Steep upturns were seen for both permanent and temporary staff availability, which were “in turn linked to redundancies and fewer job opportunities.”

A combination of lower demand for workers and rising supply meant that pay pressures remained weak in October. Starting salaries for permanent staff rose only marginally, with “the rate of inflation lifting only slightly from September’s more than four-and-a-half year low.” At the same time, temp pay was broadly stagnant following a one-year period of growth.”

Permanent staff appointments declined across “all four monitored areas of England, with the North of England seeing the steepest rate of contraction.”

A solid increase in temp billings was “seen in the Midlands, while a marginal rise was recorded in the North of England.”

London and the South of England meanwhile “registered notably softer reductions.”

Demand for permanent workers increased “across the Accounting/Financial and Engineering sectors in October, but fell elsewhere.” The steepest reductions in permanent vacancies were “once again seen in the Retail and Hotel & Catering categories.”

The only sector to see increased demand “for short-term staff in October was Blue Collar.” Across the nine sectors that saw vacancies decline, the most pronounced “fall was in Retail, while Engineering saw the softest reduction in demand.”

Jon Holt, Group Chief Executive and UK Senior Partner KPMG, said:

“Economic uncertainty continues to weigh heavy on business, but further stabilisation in the jobs market last month indicates that a Budget that builds business confidence, could be a catalyst for renewed hiring.

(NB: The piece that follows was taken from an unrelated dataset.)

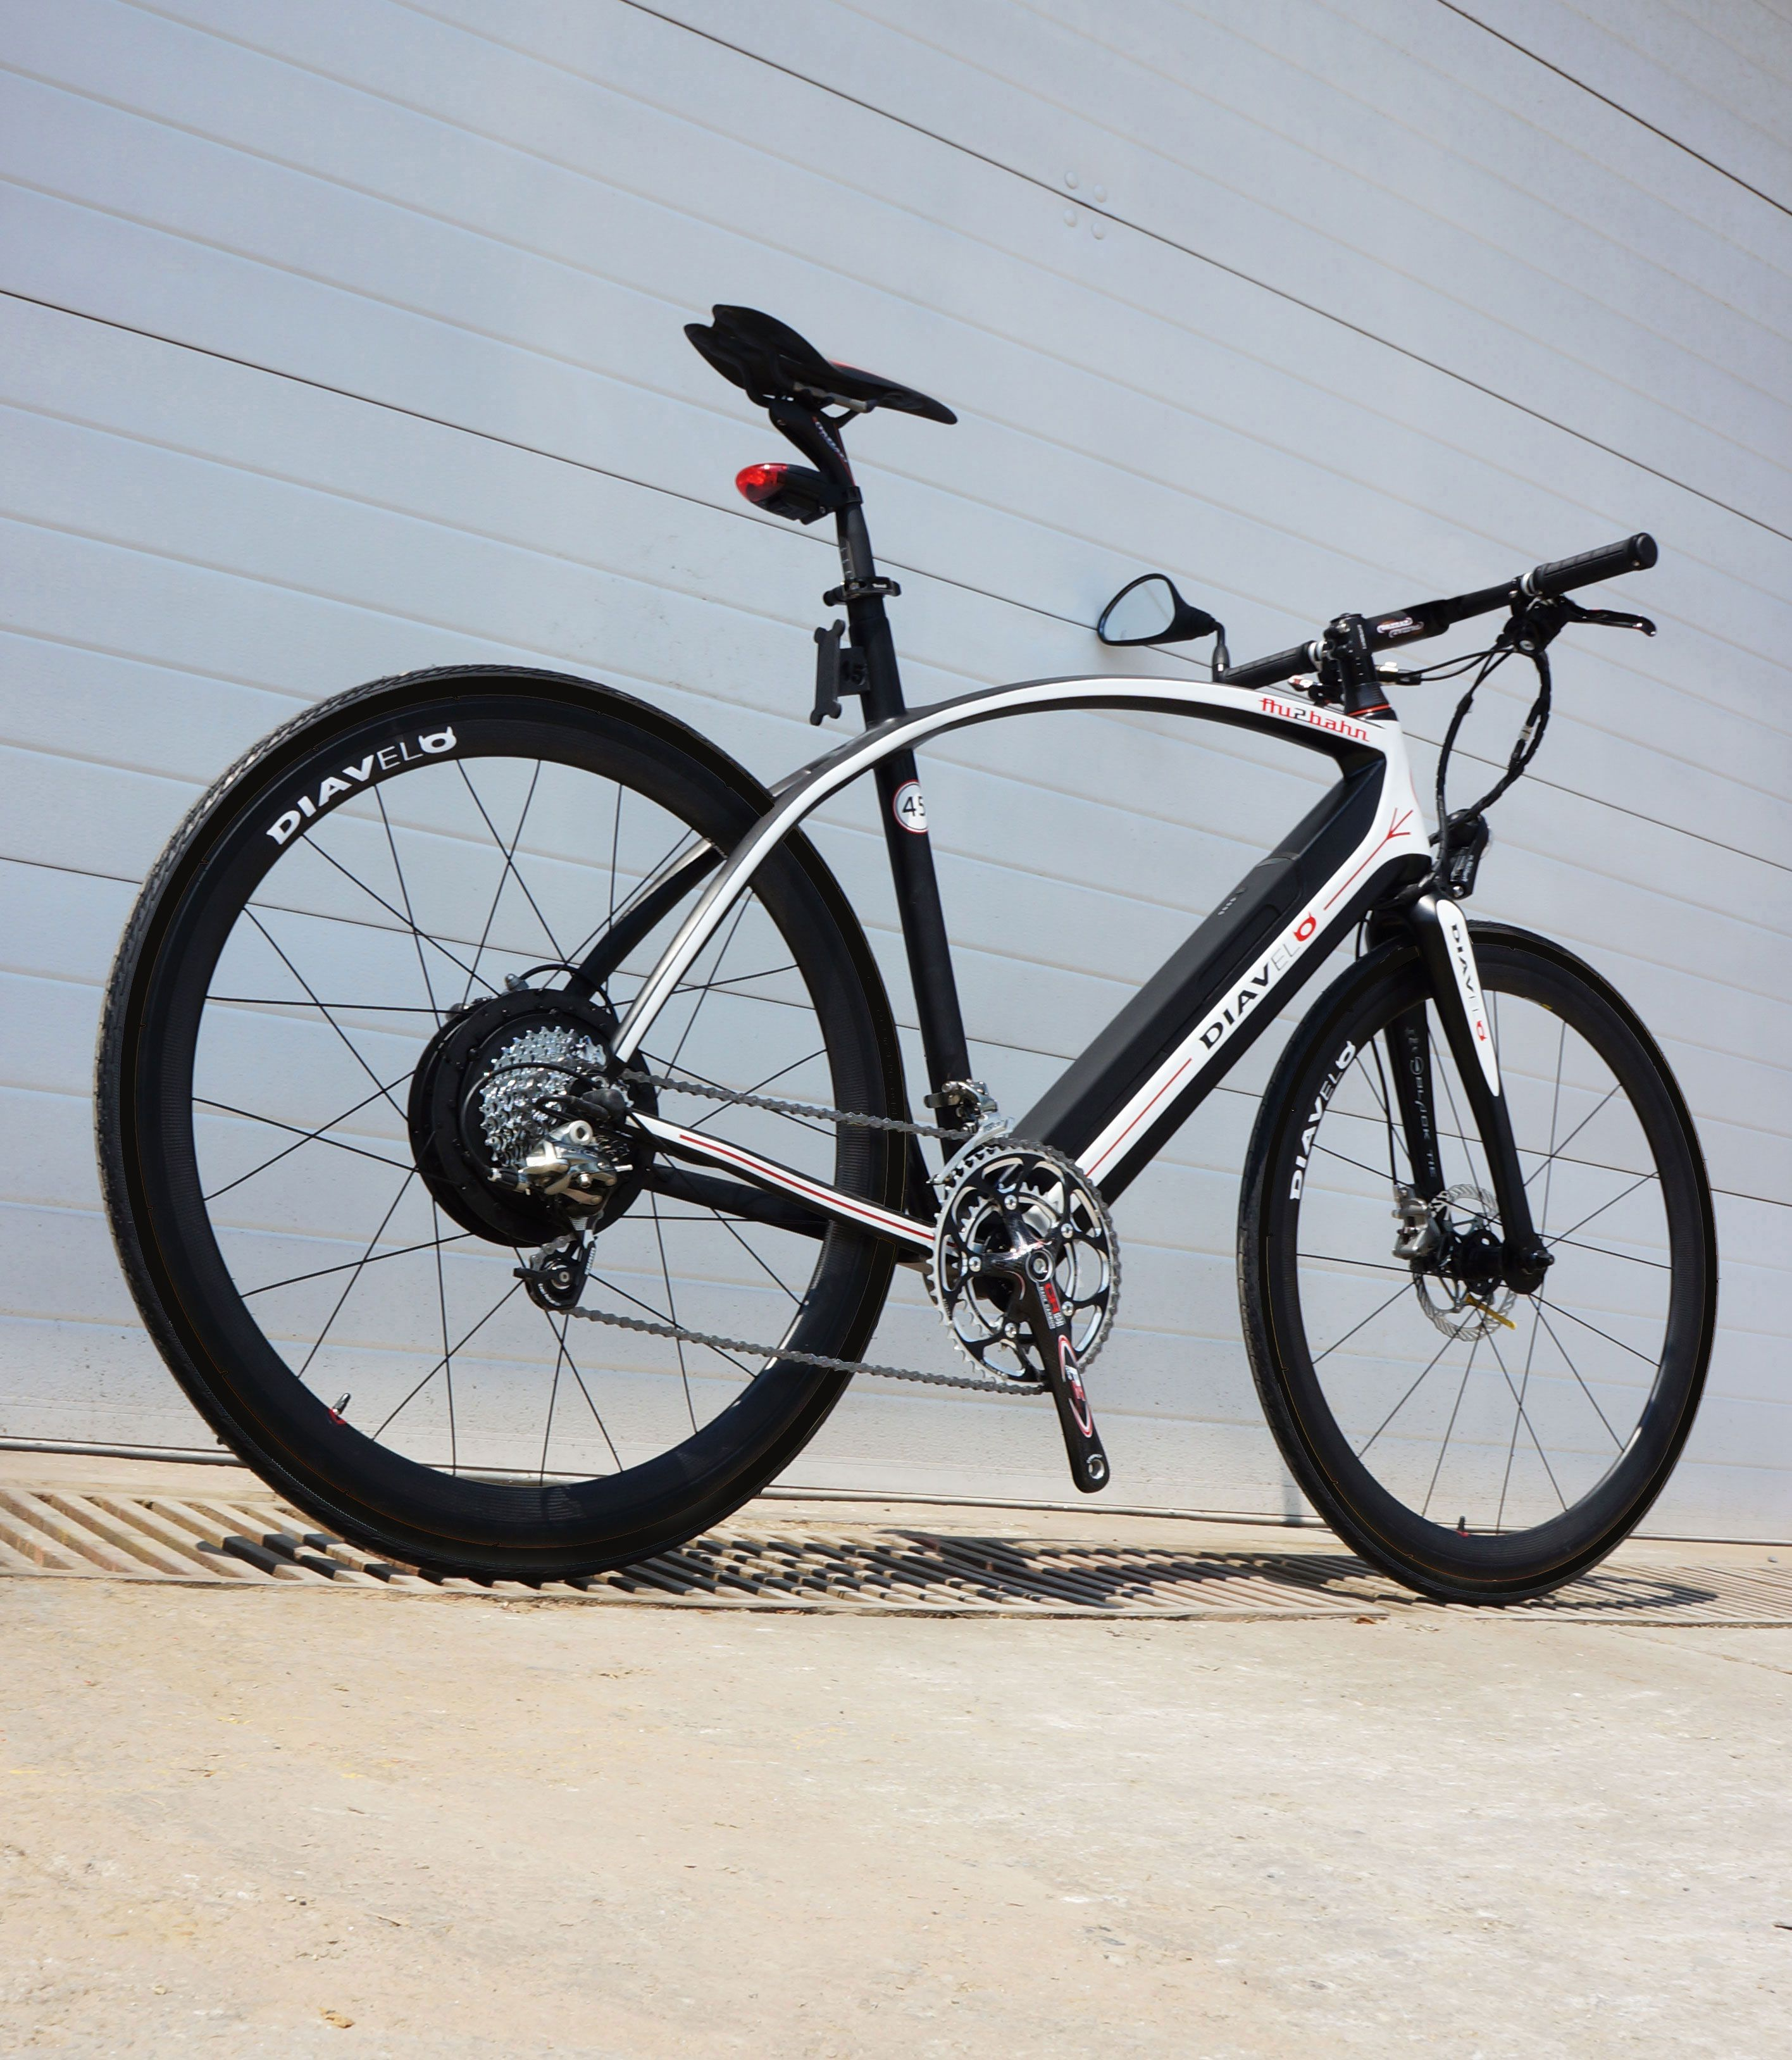 leichtestes s pedelec e bike au2bahn carbon wiegt 14 5 kg s pedelec pedelec und radfahren. Black Bedroom Furniture Sets. Home Design Ideas

We know from our recent CEO Outlook that chief execs remain upbeat about their growth prospects, and the rise in temporary hiring indicates that opportunities are increasing – there just aren’t enough strong signals currently for bosses to commit to building their workforce on a more permanent basis. As we expect both interest rates and inflation to fall further in 2026, we may finally see hiring start to grow more steadily.”

Neil Carberry, REC Chief Executive, said:

“Today’s data reflects the more positive outlook we have been hearing from recruiters since the start of the autumn. They aren’t exuberant – this is just a more stable market. With temporary hiring edging into growth and a better permanent hiring number than we have seen for some time, we can hope that the long period of retrenchment we saw last into the summer, is starting to ebb away. But we have been here before – there was a similar mood in the jobs market before the Chancellor’s Halloween Budget last year. The huge surprise increase in payroll taxes then shocked the market and we have seen the results of that, as businesses predicted then, in higher unemployment and redundancy. As we go into Budget 2025, there can be no repeat. If Government cares about growth, as it claims, measures must stoke business investment, not deter it.”

As noted in the update:

“The report today is the best we have seen since the summer of 2024. There is a broader base of demand forming, from accounting and finance to logistics and IT roles. The Budget must give employers confidence to invest, with a focus on unlocking potential through delivering on skills reform, supporting business investment and reforming the approach to the Employment Rights Bill, which needs a dose of practicality and realism.”